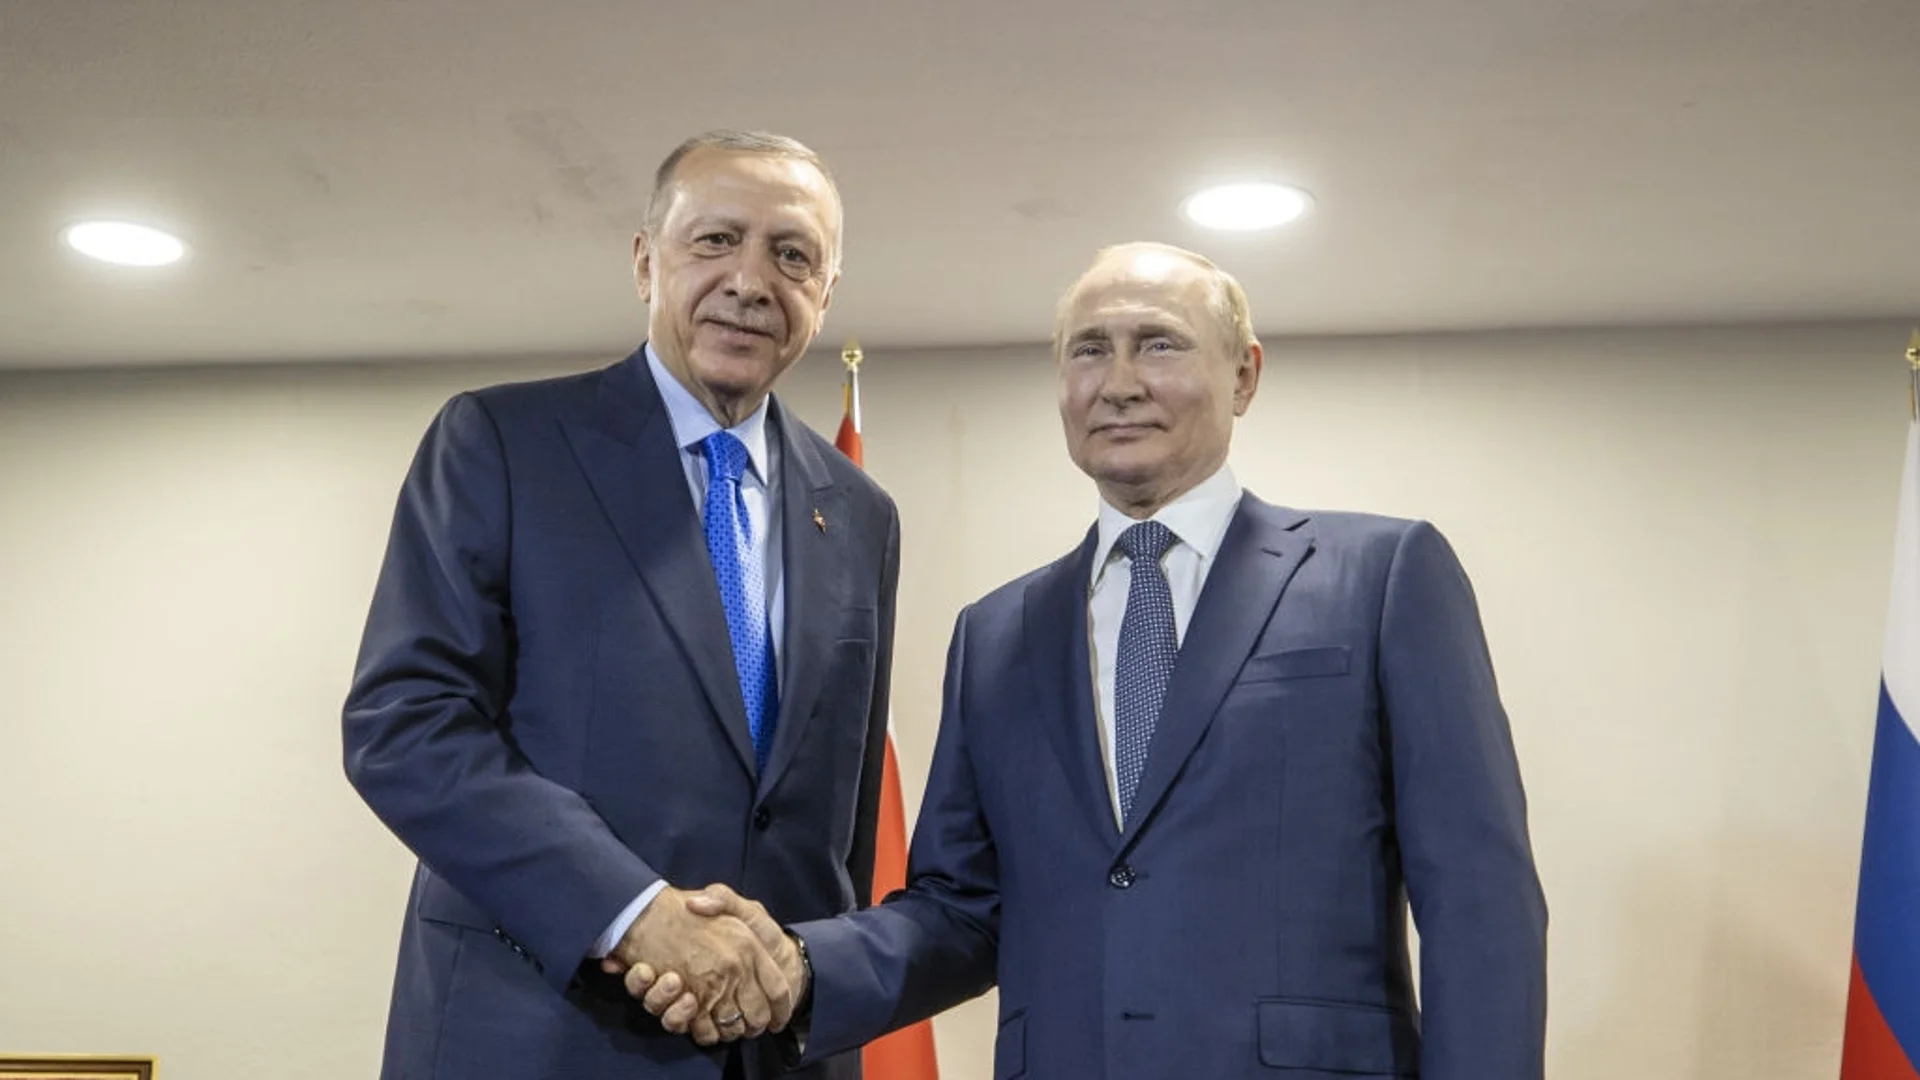 Вместо да се срещне с Путин, Ердоган отива в САЩ през май
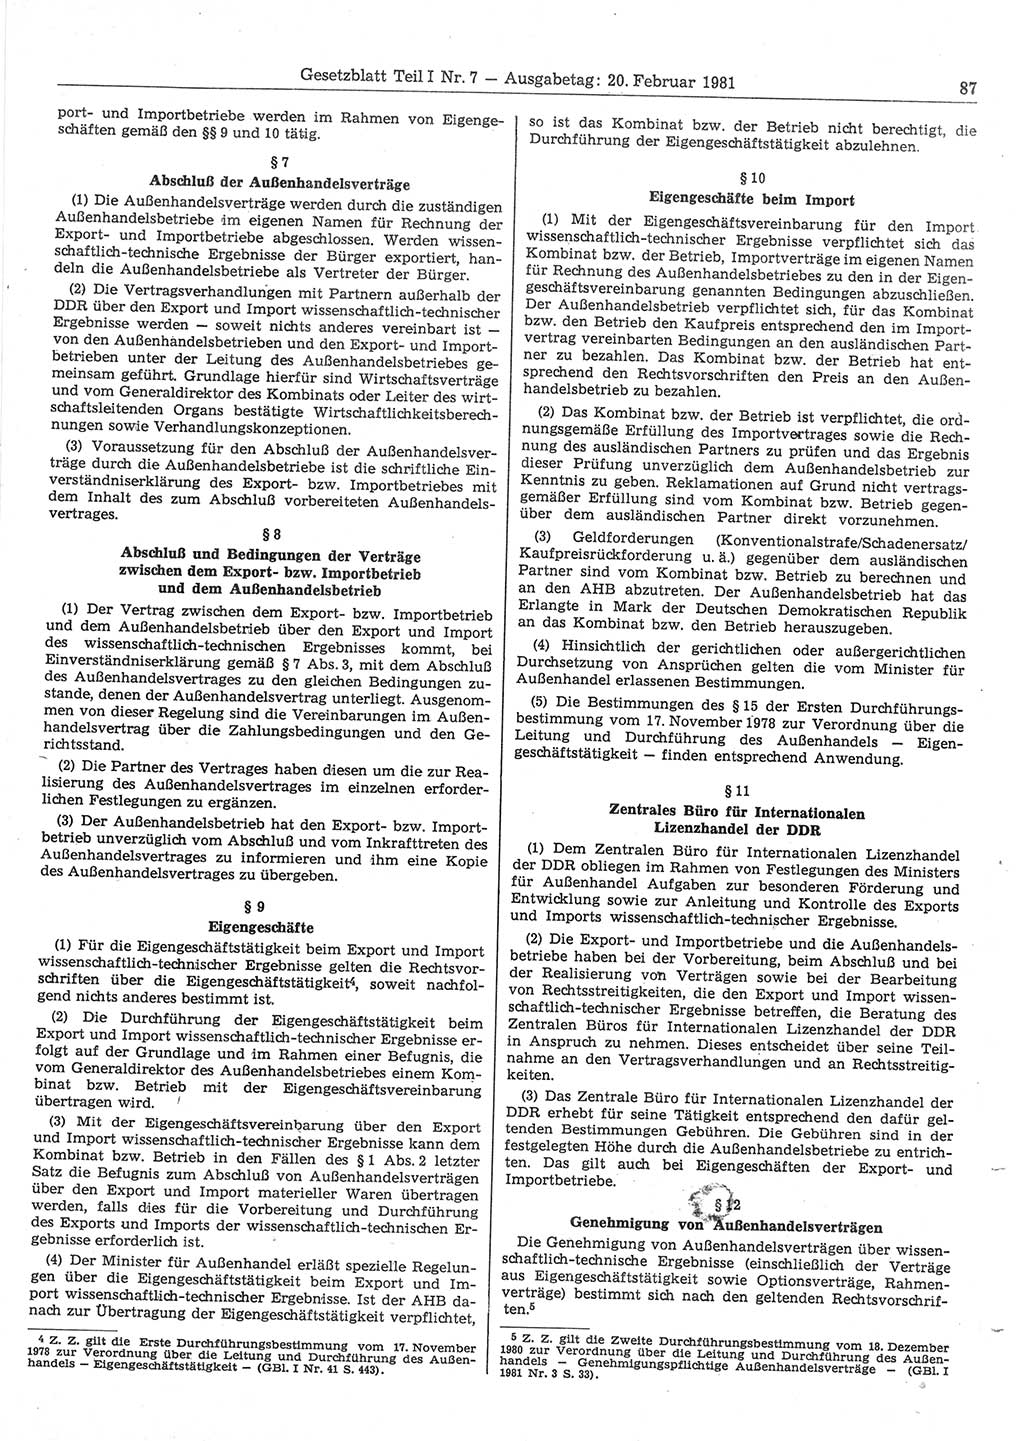 Gesetzblatt (GBl.) der Deutschen Demokratischen Republik (DDR) Teil Ⅰ 1981, Seite 87 (GBl. DDR Ⅰ 1981, S. 87)
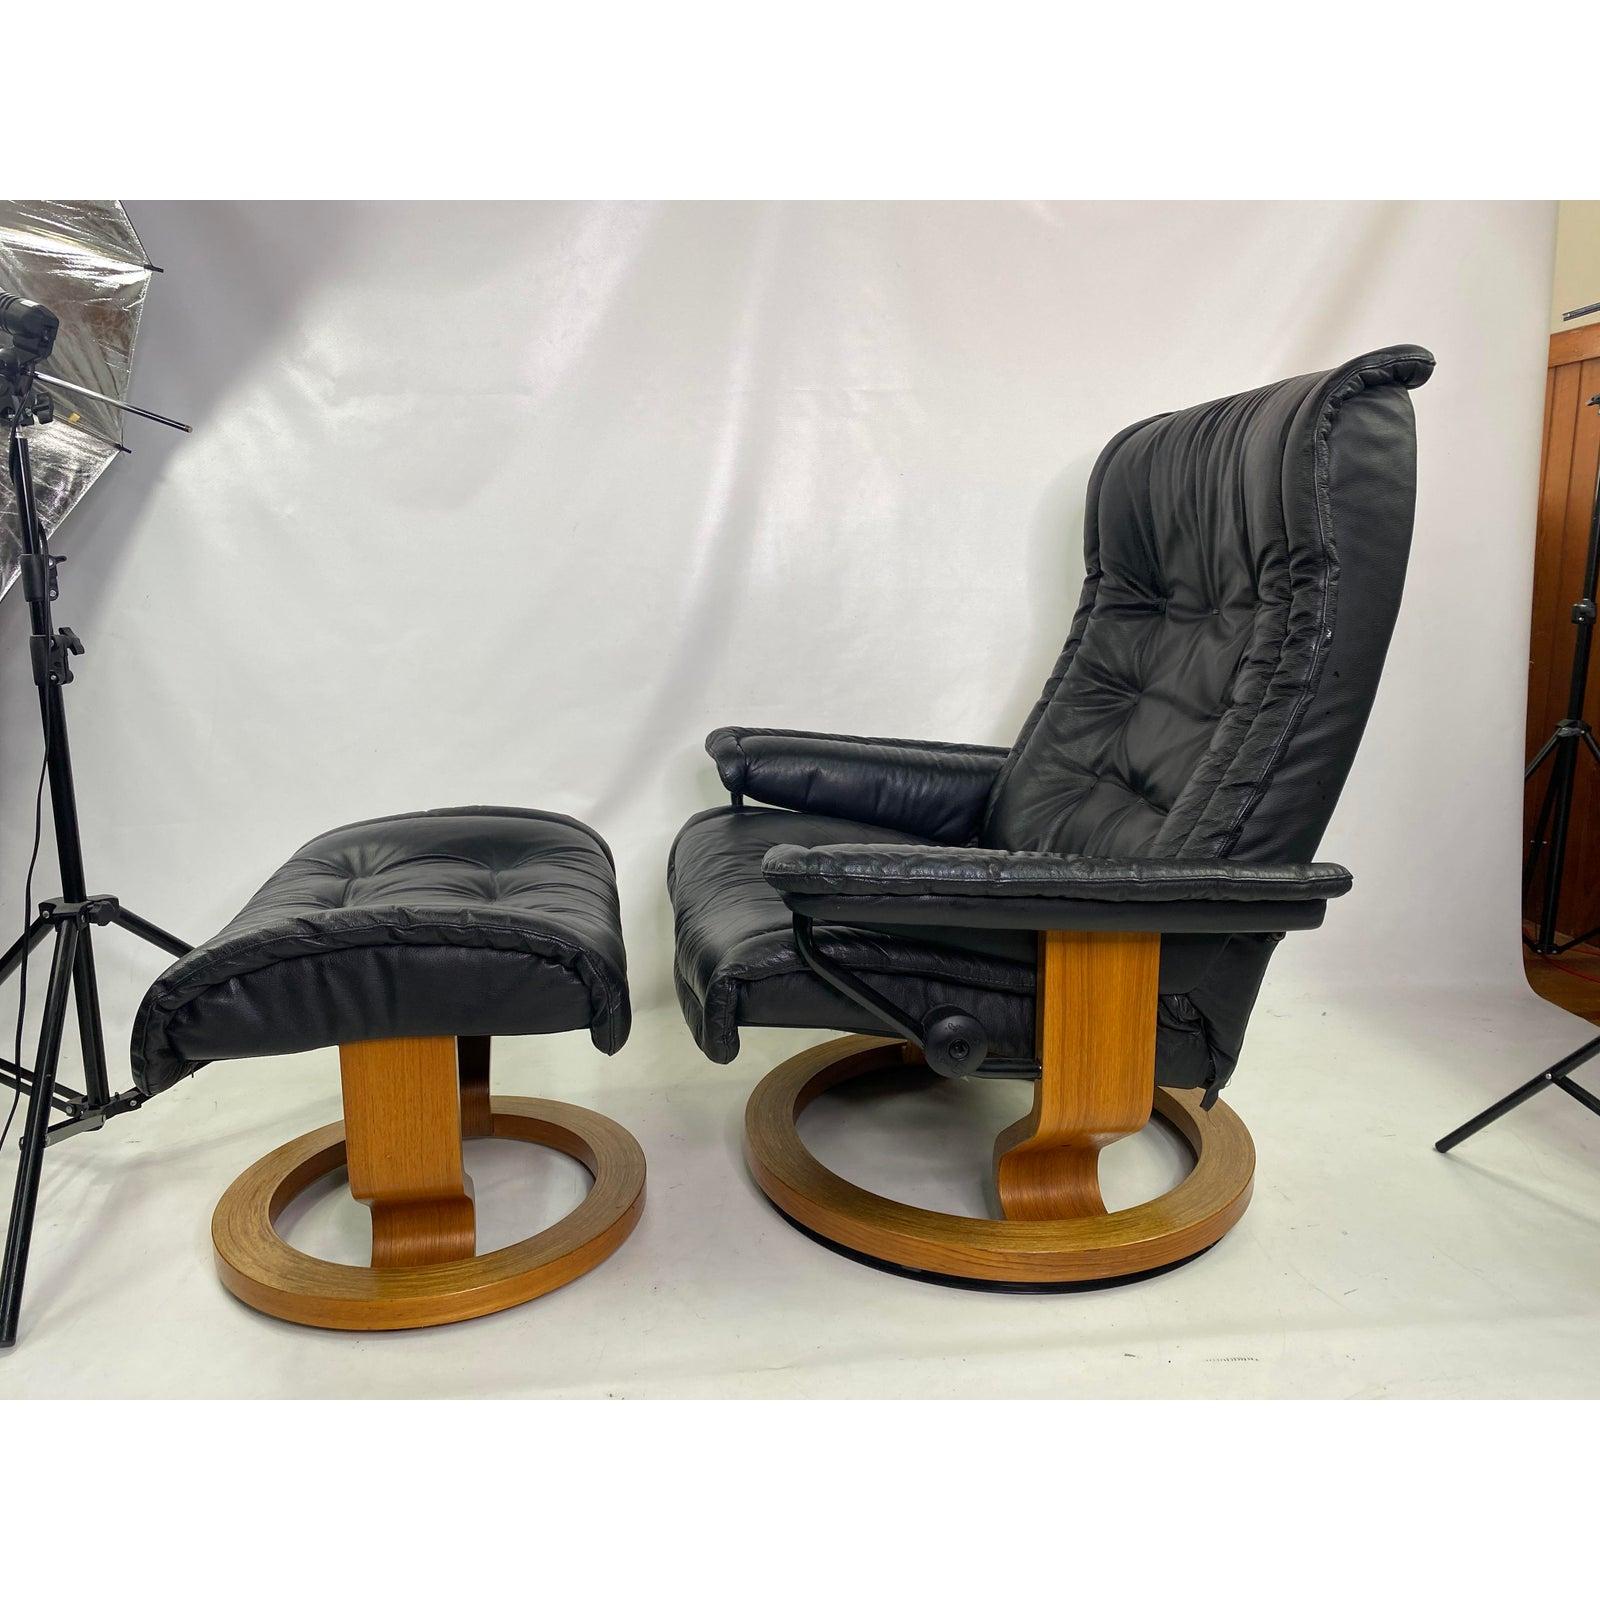 Vintage Scandinavian Modern Ekornes Stressless Recliner chair and ottoman

Ottoman measures.
H 15” D 17.5” W 23.5”.
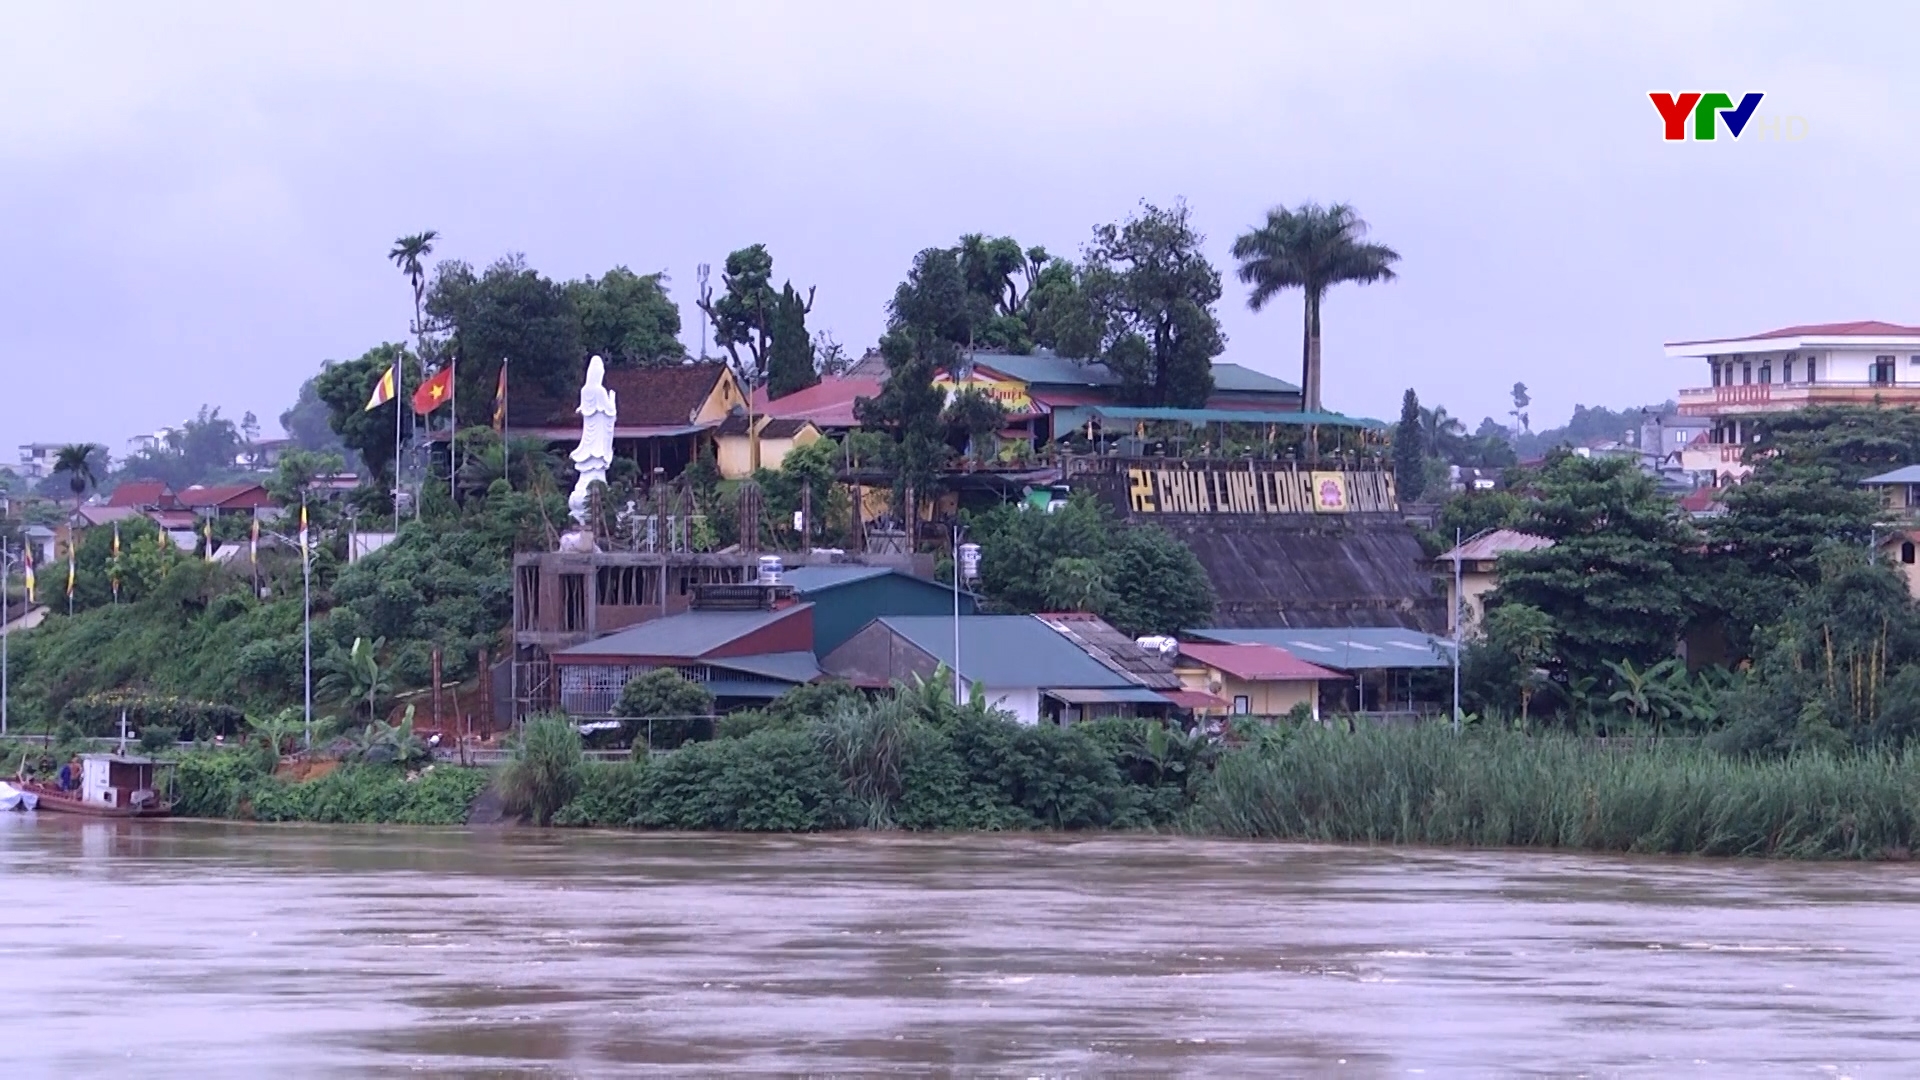 Lũ sông Thao tại Yên Bái lên cao cảnh báo lũ quét và sạt lở đất

§ **Task brief**: Each entry is to be output exactly, and no picture is to appear.

§ **Solution to this task**:
 Вместо да се срещне с Путин, Ердоган отива в САЩ през май
 Gesetzblatt (GBl.) der Deutschen Demokratischen Republik (DDR) Teil Ⅰ 1981, Seite 87 (GBl. DDR Ⅰ 1981, S. 87)
 Vintage Scandinavian Modern Ekornes Stressless Recliner chair and ottoman

Ottoman measures.
H 15” D 17.5” W 23.5”.
 Lũ sông Thao tại Yên Bái lên cao cảnh báo lũ quét và sạt lở đất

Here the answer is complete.